KumoLiu commented Dec 30, 2024

[2024-12-28T19:19:03.755Z] ======================================================================

[2024-12-28T19:19:03.755Z] FAIL: test_nibabel_reader_gpu_3 (tests.test_load_image.TestLoadImage)

[2024-12-28T19:19:03.755Z] ----------------------------------------------------------------------

[2024-12-28T19:19:03.755Z] Traceback (most recent call last):

[2024-12-28T19:19:03.755Z]   File "/usr/local/lib/python3.10/dist-packages/parameterized/parameterized.py", line 620, in standalone_func

[2024-12-28T19:19:03.755Z]     return func(*(a + p.args), **p.kwargs, **kw)

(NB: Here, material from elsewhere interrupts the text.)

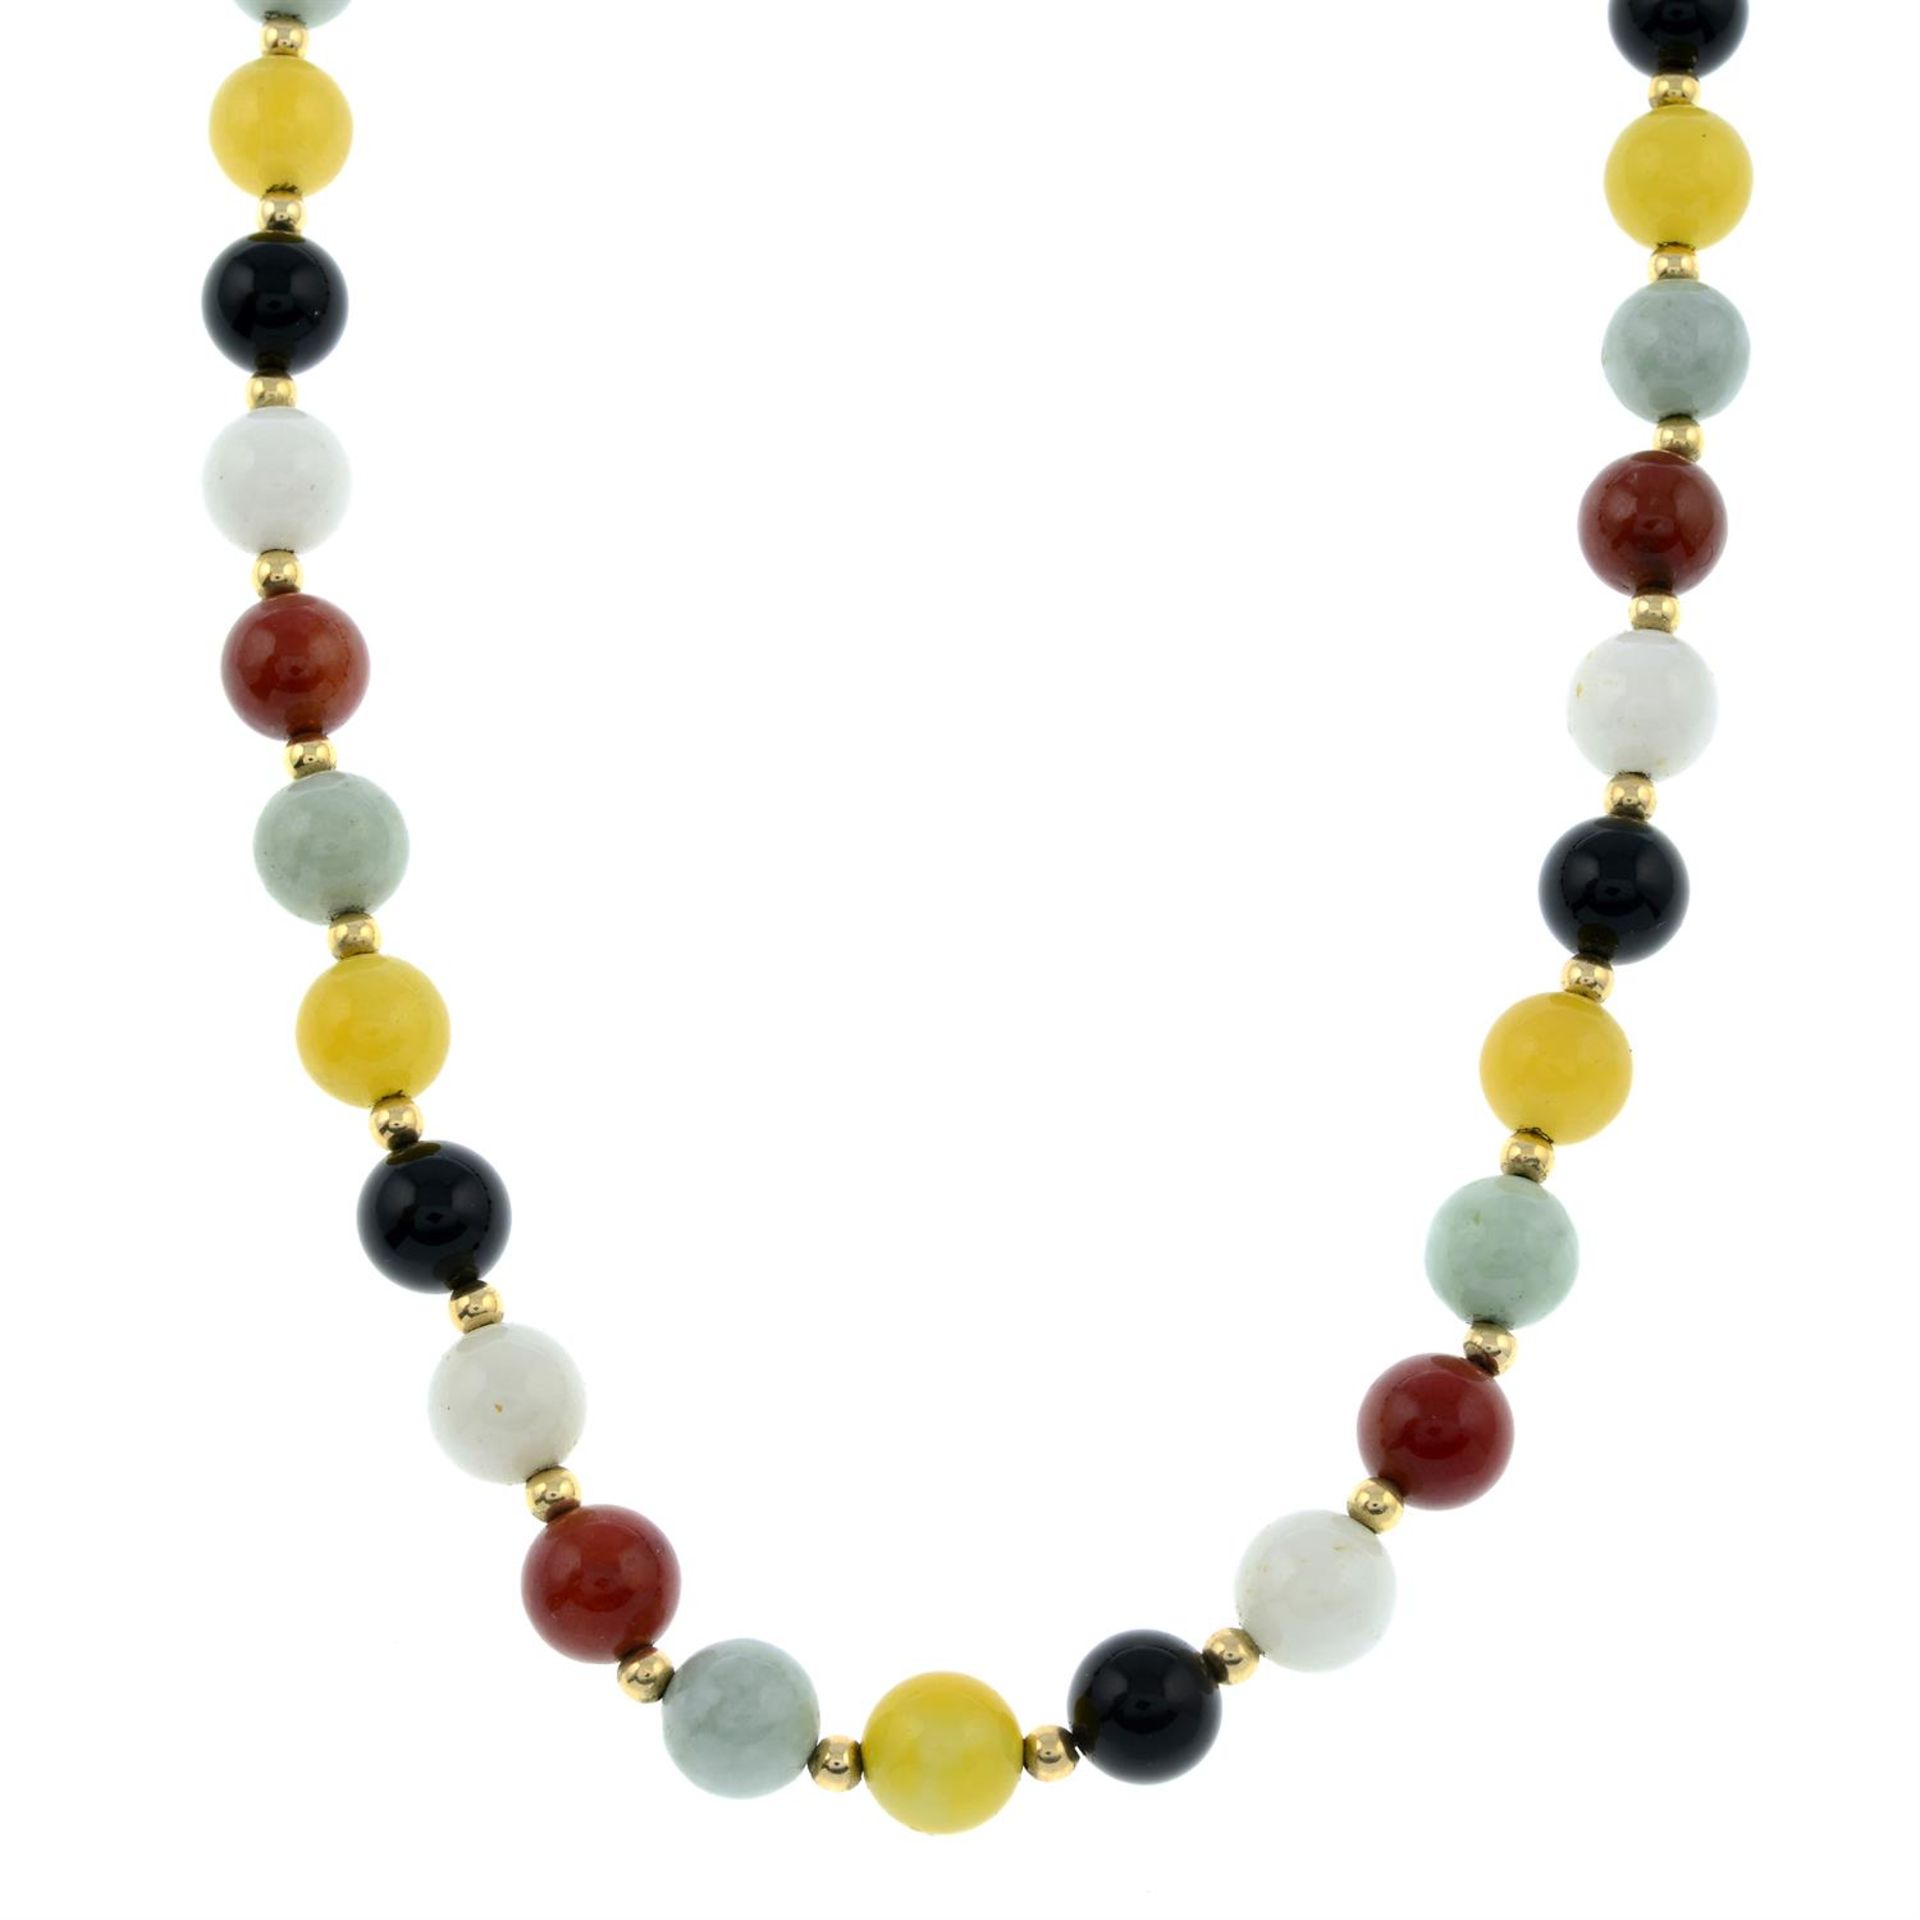 A multi-gem bead necklace, with 14ct gold clasp and spacers.

[2024-12-28T19:19:03.755Z]   File "/home/jenkins/agent/workspace/Monai-latest-image/tests/test_load_image.py", line 236, in test_nibabel_reader_gpu

[2024-12-28T19:19:03.755Z]     self.assertTrue(torch.equal(result_cpu, result.cpu()))

[2024-12-28T19:19:03.755Z] AssertionError: False is not true
@KumoLiu KumoLiu added the bug Something isn't working label Dec 30, 2024
@KumoLiu
Copy link
Contributor Author

KumoLiu commented Dec 30, 2024

Hi @yiheng-wang-nv, could you please take a look at this issue? The test case encountered a random failure in the 24.08 on the A100. Thanks.

@KumoLiu
Copy link
Contributor Author

KumoLiu commented Jan 6, 2025

Still randomly failed. cc @yiheng-wang-nv

[2025-01-03T19:18:59.181Z] ======================================================================

[2025-01-03T19:18:59.181Z] FAIL: test_nibabel_reader_gpu_3 (tests.test_load_image.TestLoadImage)

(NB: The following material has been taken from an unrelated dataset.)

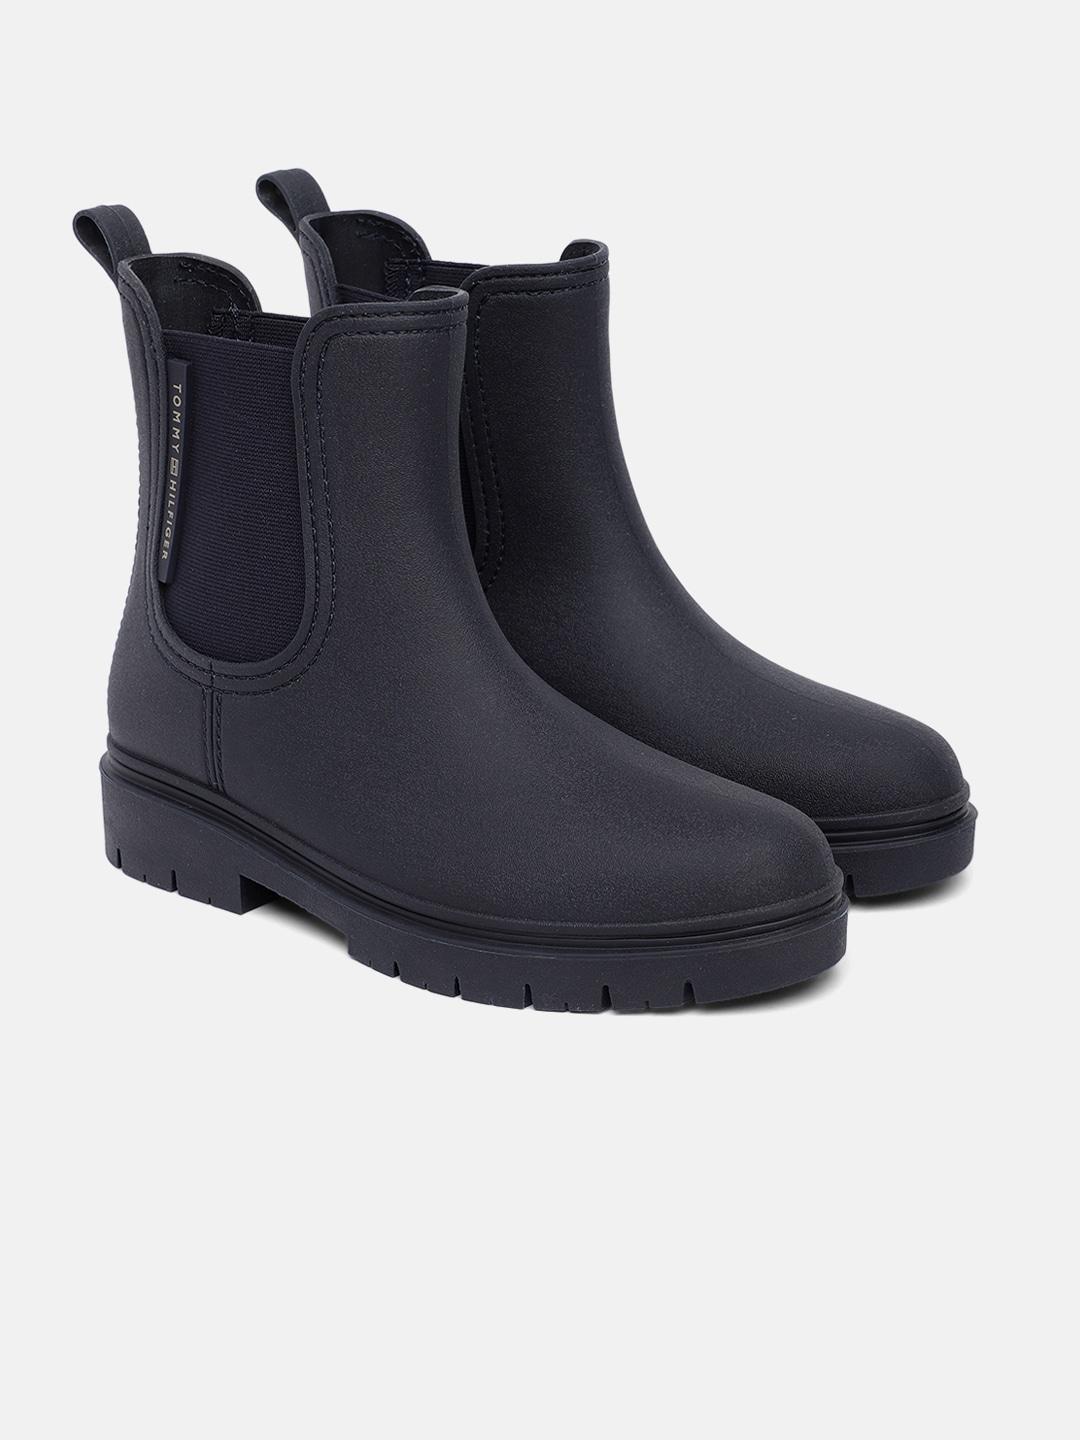 tommy-hilfiger-women-essential-solid-high-top-rain-boots

[2025-01-03T19:18:59.181Z] ----------------------------------------------------------------------

[2025-01-03T19:18:59.181Z] Traceback (most recent call last):

[2025-01-03T19:18:59.181Z]   File "/usr/local/lib/python3.10/dist-packages/parameterized/parameterized.py", line 620, in standalone_func

[2025-01-03T19:18:59.181Z]     return func(*(a + p.args), **p.kwargs, **kw)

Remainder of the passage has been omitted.